Second, a couple of additions to the bostonstreet links that I have on my sidebar (representing the galleries of fellow photographers on a yahoo list and occasional dining group): Cathy and Patrick. Cathy has actually started a photoblog, which isn't exactly unique these days, except that she is particularly good at capturing a sense of neighborhood and people in her periodic entries, which most photobloggers have a tough time doing given their inherent shyness.
Need help getting over that shyness? Check out the tips offered by selected street photographers in Popular Photographer's May issue, with web exclusive extended interviews with these photographers. Links to the photographers' galleries, and an interesting accounting of these photographers' approaches to candid photography and their influences makes for entertaining reading.
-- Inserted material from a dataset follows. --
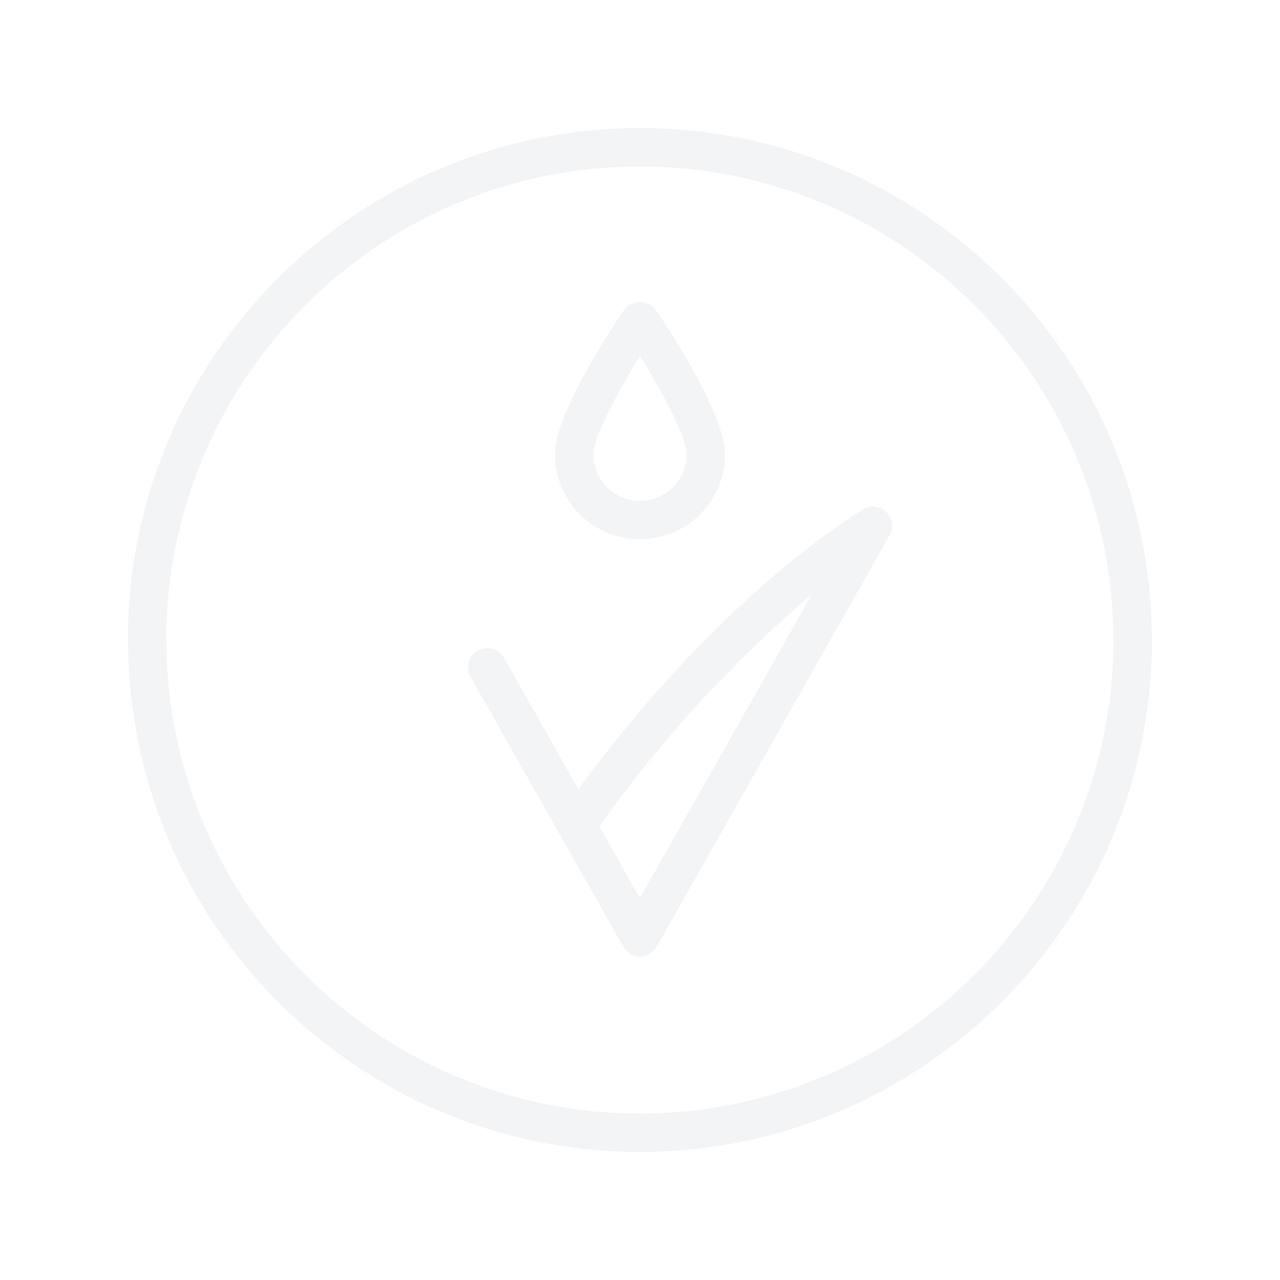 BIODROGA Anti-Age Soft Focus Make-Up 30ml

The street photographers' stated influences stretches wider than I would have expected, which is nice to see...they're avid fans of photography first, and not tied to a specific genre or approach that would limit their way of seeing.
As for Pop Photo, it's one of those magazines experienced photographers love to hate, with their catering to hobbyists and their consistently positive lens and equipment tests (leading to accusations of toadying to manufacturers). I find them less useful in terms of photo tutorials than the British magazines geared toward amateurs such as Practical Photography or Photography Monthly. But I like Pop Photo's goofy enthusiasm and their coverage of topics most "serious" photography magazines wouldn't dare to cover, such as distinguishing between the numerous flavors of inexpensive point and shoot cameras out there, or especially Herb Keppler's witty research into arcane equipment such as off-brand 500mm mirror lenses, or various inexpensive Eastern European and Asian cameras. Plus you can always find Pop Photo at a supermarket or an airport newstand if you're hard up for photography related reading far from home...it beats reading People anyway.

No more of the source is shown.